Spacing out doses of erectile dysfunction and nitrate medications “will decrease the chances that there will be a drug interaction,” said Dr. Robert A. Kloner, a professor of medicine at the University of Southern California, who led some of the key studies that established the American Heart Association’s safety protocol. (Kloner is a paid consultant for Sanofi, which has an agreement with Eli Lilly to sell Cialis in several countries if it were to become an over-the-counter medication.)

In the new Danish study, Holt and his colleagues analyzed medical records from nearly 250,000 Danish men ages 30 to 85 with ischemic heart disease. About 42,000 of them had stretches during which they received ongoing nitrates prescriptions. 

From 2000 to 2018, the researchers found, the rate at which men received erectile dysfunction drug prescriptions increased tenfold among the entire group while soaring twentyfold among those on nitrates. By the last five years of the study period, 9 percent of those in the latter group filled at least one prescription for a drug such as Viagra within three years of having started nitrates.

The authors looked at health outcomes during periods when the men received prescriptions for both drug types and compared them to outcomes during stretches when they received just one such medication. The data suggested that receiving concurrent prescriptions for the two drug classes wasn’t associated with any increase in heart health problems, such as cardiac arrest, heart attack or stroke.

Kloner, who wasn’t involved with the research, said the findings suggest “that health care providers are likely becoming more comfortable co-prescribing these two classes of drugs despite the guidelines and are at least educating their patients about not taking them right at same time.”

The study is limited by the fact that the study authors couldn’t know for sure when men were actually taking each of the medications. But when they adjusted their analysis to focus on periods from one to four weeks after the men received new erectile dysfunction drug prescriptions, the findings held.

The authors suggest that it’s also possible that some men may, indeed, experience drops in blood pressure from taking both drugs but that that doesn’t lead to health problems substantial enough for them to visit an emergency room. The researchers had access only to hospital data, not to medical records from general practitioners.

The study also couldn’t account for drugs men obtained on the black market — a common practice among those seeking medications like Viagra. 

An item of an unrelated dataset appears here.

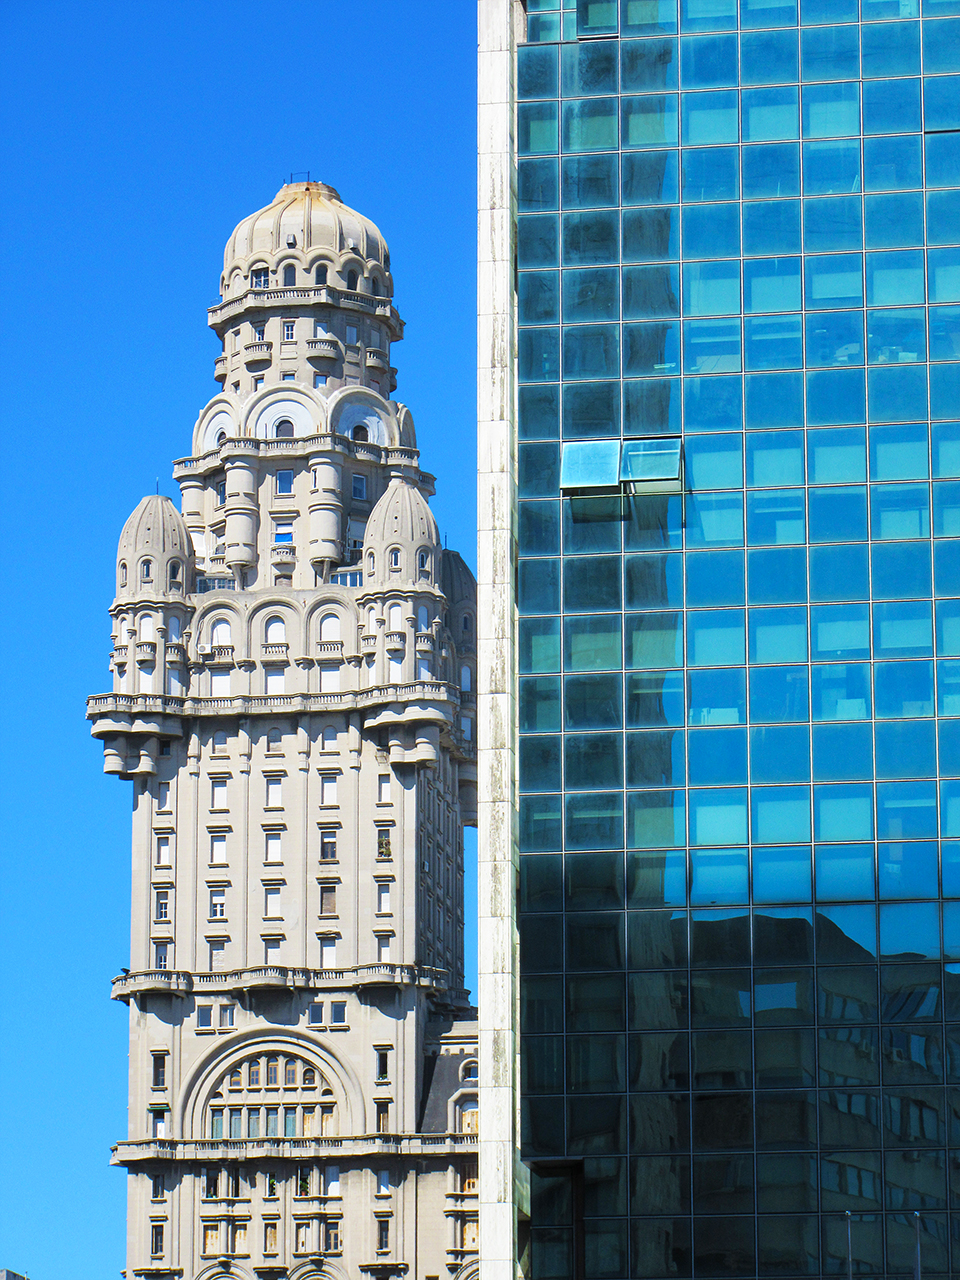 montevideo-ciudad-vieja-travel-postcards-fotografias-uruguay-palacio-arquitectura-latinoamerica-edificios

A U.S. study from the drugmaker Sanofi, published in The Journal of Sexual Medicine in August, reached similar findings. The pharma researchers analyzed electronic medical records covering 2012 to 2016 from more than 168,000 U.S. men who had at least one erectile dysfunction drug prescription. Out of 480,000 men who had one or more nitrate prescriptions, 3,167 received medications from both drug classes during overlapping periods — without any apparent increased risk of cardiovascular health problems.

The study also had access to health care providers’ appointment notes. Those records indicated that in perhaps half of the co-prescription cases, the physicians did caution their patients about the dangers of taking the medications together or instructed them about mitigating the risk of drug interactions.

Holt stressed that men’s sexual health and well-being are as important as the rest of their physical health.

“You can definitely possess both drugs,” Holt advised men who are candidates for both nitrates and erectile dysfunction medications. “But certainly don’t take them at the same time. We don’t have evidence that that’s safe.”

Raymond Rosen, an adjunct full professor of psychiatry and behavioral services at the University of California, San Francisco School of Medicine, said, “Erectile dysfunction drugs like Viagra have been a boon to many men and their partners who suffer from this common but potentially disruptive male disorder.”

“New evidence,” said Rosen, who wasn’t involved in either of the recent studies, “has challenged this long-held belief” that men can’t take both nitrates and erectile dysfunction drugs. 

Still, he said, “men should always consult with their physician or health provider before making changes in either of these medications.”